### [PROBLEM DESCRIPTION]
The reply should be an exact repeat of the listing, with no pictures in it.

### [EXERCISE DATA]
——————

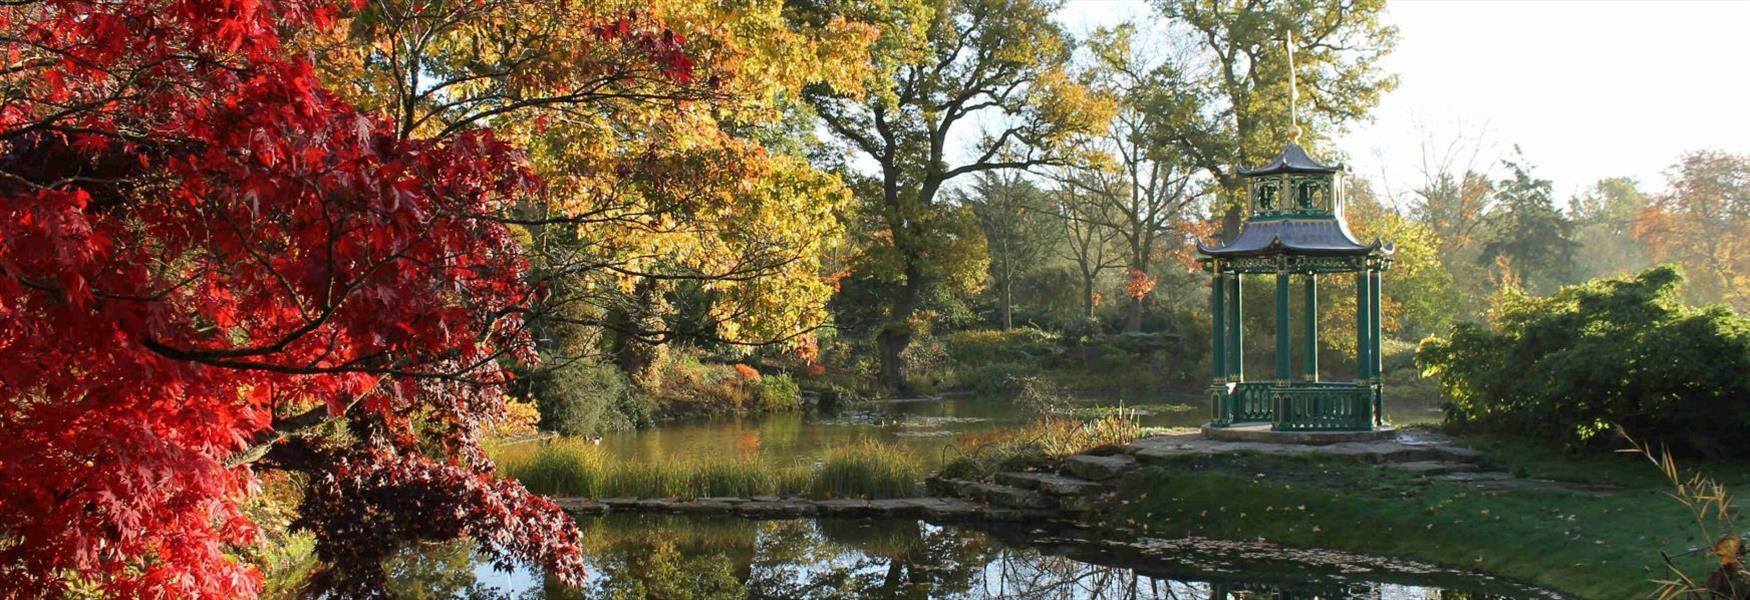 Autumn at Cliveden
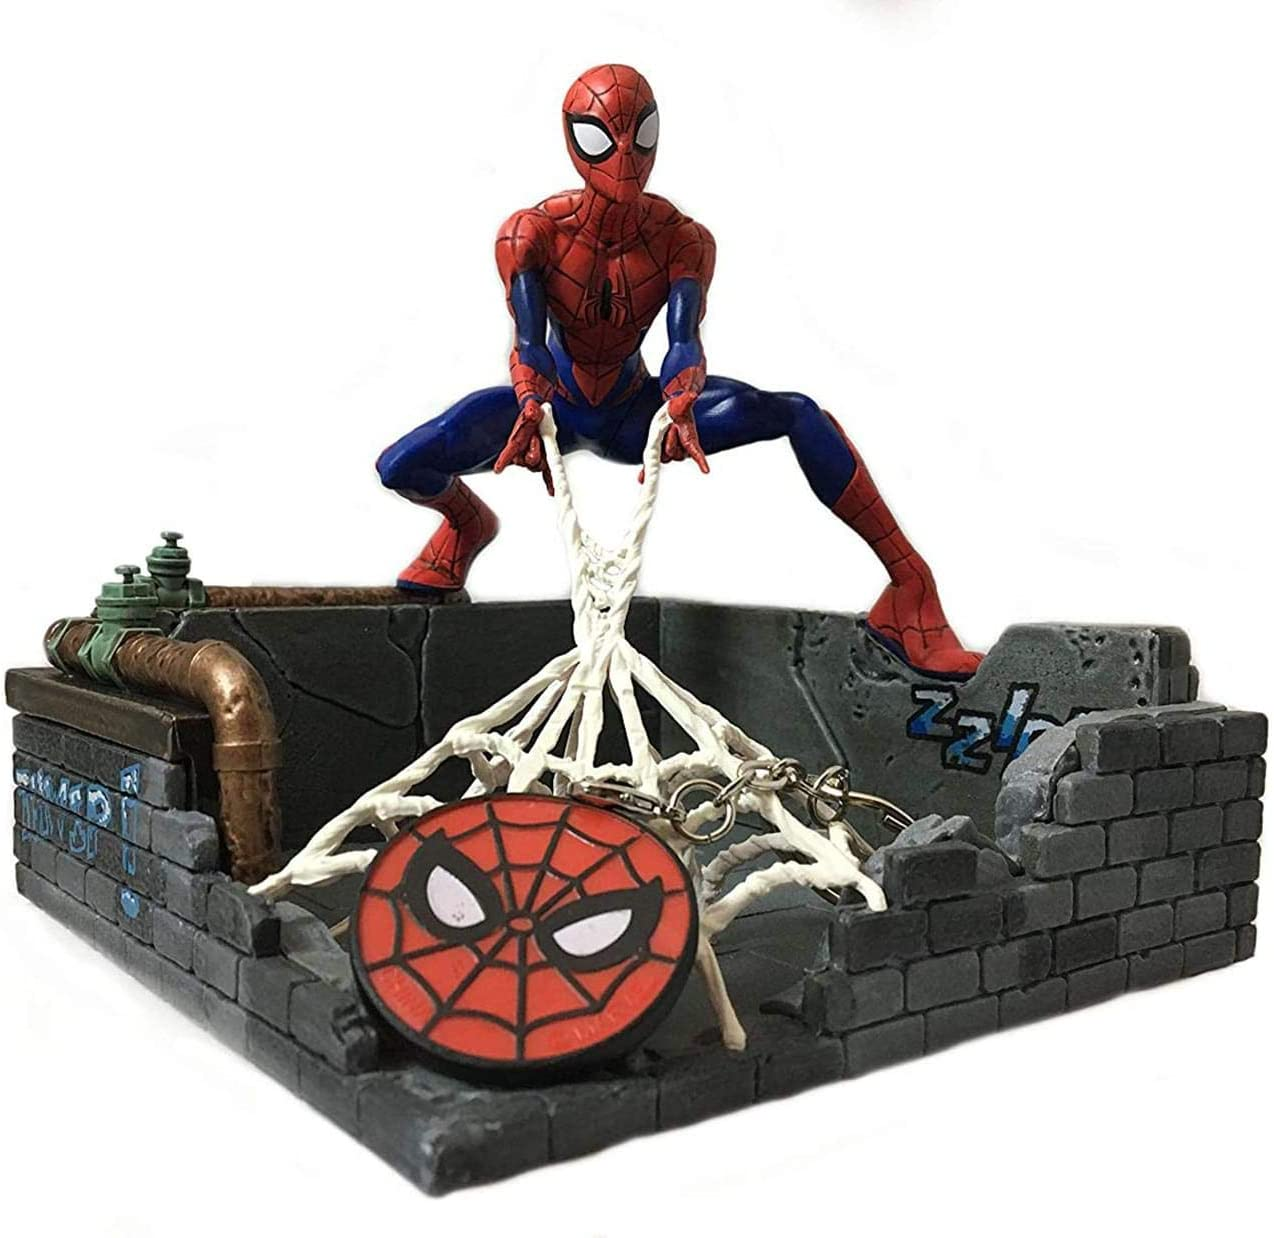 Marvel Spider-Man Finders Keypers Statue | Official Spider-Man Key Holder Figure | Holds Your Keys, Wallet, Watch & More | Measures 5.5 Inches
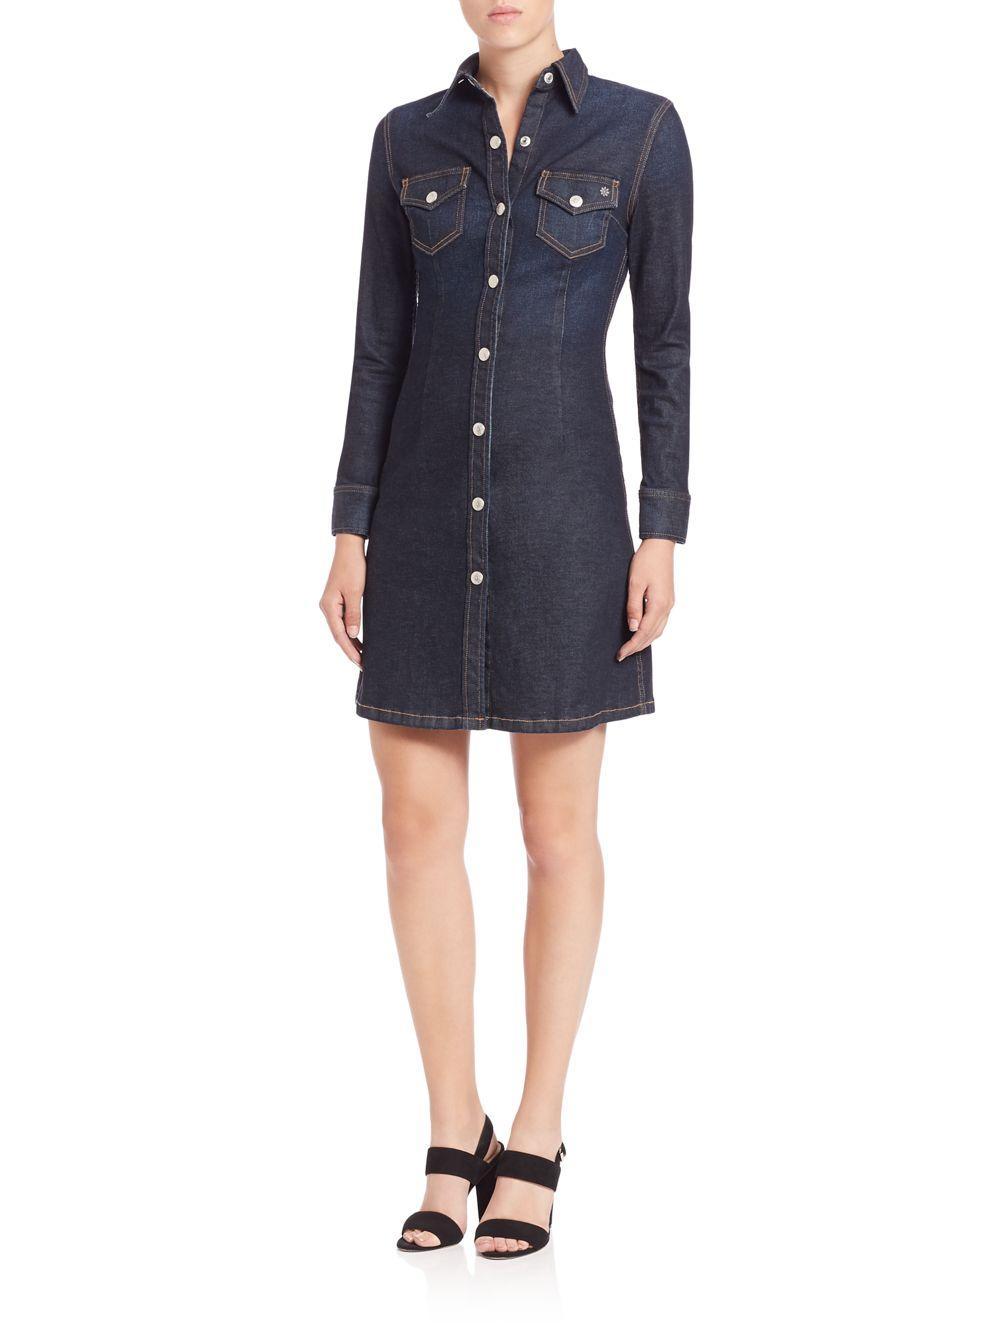 6f2fbf98b5 Lyst - AG Jeans Alexa Chung For Ag The Pixie Denim Mini Dress in Blue

——————

### [RESULT OF THE EXERCISE]
 Autumn at Cliveden
 Marvel Spider-Man Finders Keypers Statue | Official Spider-Man Key Holder Figure | Holds Your Keys, Wallet, Watch & More | Measures 5.5 Inches
 6f2fbf98b5 Lyst - AG Jeans Alexa Chung For Ag The Pixie Denim Mini Dress in Blue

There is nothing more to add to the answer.